For all that, it’s a fun game from a nostalgia point of view. I loved this game originally and I still love it now. Sure, it badly needed some upgrades and it’s disappointing that it wasn’t given them. But the story is a load of fun and the definite highlight and you have an excuse to listen to Star Wars music which always gets you pumped. It seems like that’s what they were going for with releasing this on the Switch. You shouldn’t have to rely on nostalgia to sell a game. All it’ll do is remind people of how poorly this game has aged and how little there actually is to it.

Unfortunately, the decent story and soundtrack aren’t good enough to outweigh the negatives. If you never played it originally, then you’ll be left wondering what all the fuss was about. And if you have, you’ll be laughing at the time when this game looked absolutely amazing compared to now. You’ll also notice how the gameplay is severely lacking in so many ways.

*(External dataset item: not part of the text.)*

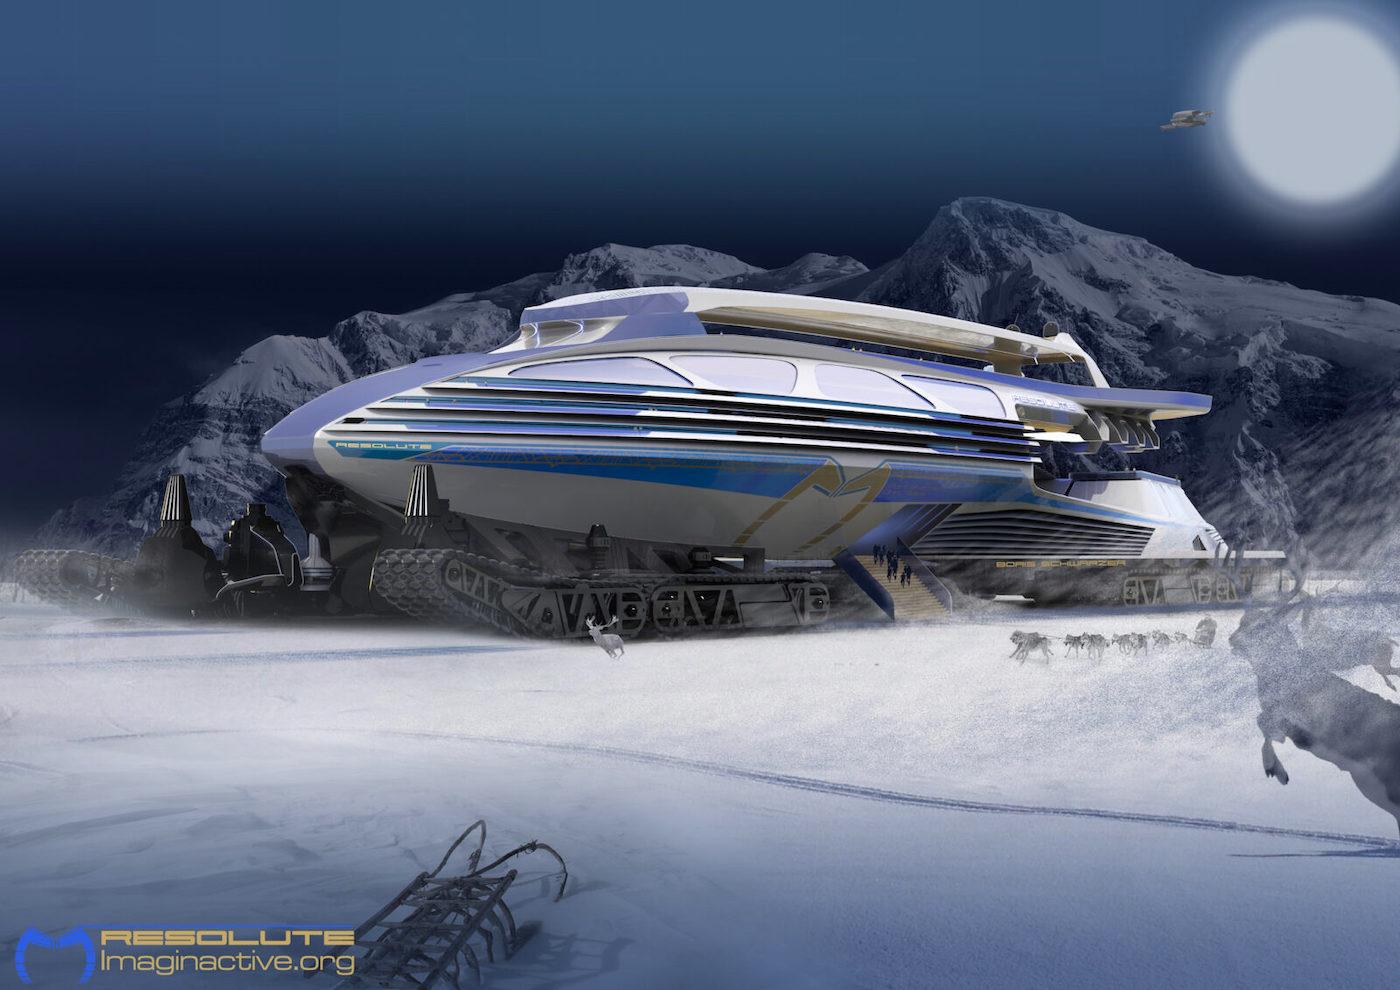 Resolute, concepto de vehículo de Charles Bombardier.

That said, I’m a sucker for Star Wars, so will I continue the game through to completion? Yes, yes I will. But I’m not going to be entirely happy about it and I definitely won’t be playing it in front of anyone else. I would likely get judged based on the graphics and questioned on it. It’s a fairly mediocre game compared to what we can play in 2022. So with that in mind, I score Star Wars: The Force Unleashed the Bronze Award. Still love the game though!


Disclaimer: A code was received in order to write this review.